Which of the lines in the listing that follows hold "Century"? Pull each one out.
*** Begin section ***
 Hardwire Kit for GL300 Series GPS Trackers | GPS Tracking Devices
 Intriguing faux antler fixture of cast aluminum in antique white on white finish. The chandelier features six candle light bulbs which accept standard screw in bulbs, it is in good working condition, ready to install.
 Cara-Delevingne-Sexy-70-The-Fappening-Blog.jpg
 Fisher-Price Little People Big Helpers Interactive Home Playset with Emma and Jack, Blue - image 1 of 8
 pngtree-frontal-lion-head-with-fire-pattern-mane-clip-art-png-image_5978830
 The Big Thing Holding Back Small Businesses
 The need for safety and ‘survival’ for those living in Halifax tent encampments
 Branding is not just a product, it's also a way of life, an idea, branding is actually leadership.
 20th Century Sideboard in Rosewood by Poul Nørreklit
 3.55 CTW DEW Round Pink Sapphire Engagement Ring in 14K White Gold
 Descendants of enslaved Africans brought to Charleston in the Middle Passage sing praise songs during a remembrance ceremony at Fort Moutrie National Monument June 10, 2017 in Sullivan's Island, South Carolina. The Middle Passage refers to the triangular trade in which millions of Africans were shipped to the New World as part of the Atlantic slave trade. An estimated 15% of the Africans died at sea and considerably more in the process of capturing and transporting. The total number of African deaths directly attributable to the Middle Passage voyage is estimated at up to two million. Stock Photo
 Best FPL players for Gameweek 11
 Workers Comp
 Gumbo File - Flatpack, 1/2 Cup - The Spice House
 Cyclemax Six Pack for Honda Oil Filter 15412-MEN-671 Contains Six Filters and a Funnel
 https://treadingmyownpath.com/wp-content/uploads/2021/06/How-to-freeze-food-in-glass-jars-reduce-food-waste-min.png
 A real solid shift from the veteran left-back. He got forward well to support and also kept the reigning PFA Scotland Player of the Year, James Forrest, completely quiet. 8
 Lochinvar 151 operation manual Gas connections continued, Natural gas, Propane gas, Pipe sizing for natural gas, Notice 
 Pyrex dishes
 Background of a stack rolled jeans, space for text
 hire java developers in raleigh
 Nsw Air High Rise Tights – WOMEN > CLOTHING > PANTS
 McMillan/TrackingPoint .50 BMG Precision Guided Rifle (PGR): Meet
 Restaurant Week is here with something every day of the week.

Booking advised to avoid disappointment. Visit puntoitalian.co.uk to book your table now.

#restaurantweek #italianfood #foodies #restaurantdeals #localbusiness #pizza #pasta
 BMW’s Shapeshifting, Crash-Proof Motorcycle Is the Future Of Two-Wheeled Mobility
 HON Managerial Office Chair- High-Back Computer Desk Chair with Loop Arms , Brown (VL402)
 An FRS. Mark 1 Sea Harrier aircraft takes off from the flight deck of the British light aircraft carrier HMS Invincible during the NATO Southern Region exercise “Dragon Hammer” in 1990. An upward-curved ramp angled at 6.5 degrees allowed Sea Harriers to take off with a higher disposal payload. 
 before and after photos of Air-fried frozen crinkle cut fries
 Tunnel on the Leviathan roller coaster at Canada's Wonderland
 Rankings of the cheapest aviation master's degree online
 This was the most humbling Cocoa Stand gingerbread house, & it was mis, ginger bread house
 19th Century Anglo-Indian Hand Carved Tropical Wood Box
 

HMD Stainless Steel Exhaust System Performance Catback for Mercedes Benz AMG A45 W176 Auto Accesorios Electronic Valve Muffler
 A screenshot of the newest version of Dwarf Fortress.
*** End section ***
__Task solution__
 20th Century Sideboard in Rosewood by Poul Nørreklit
 19th Century Anglo-Indian Hand Carved Tropical Wood Box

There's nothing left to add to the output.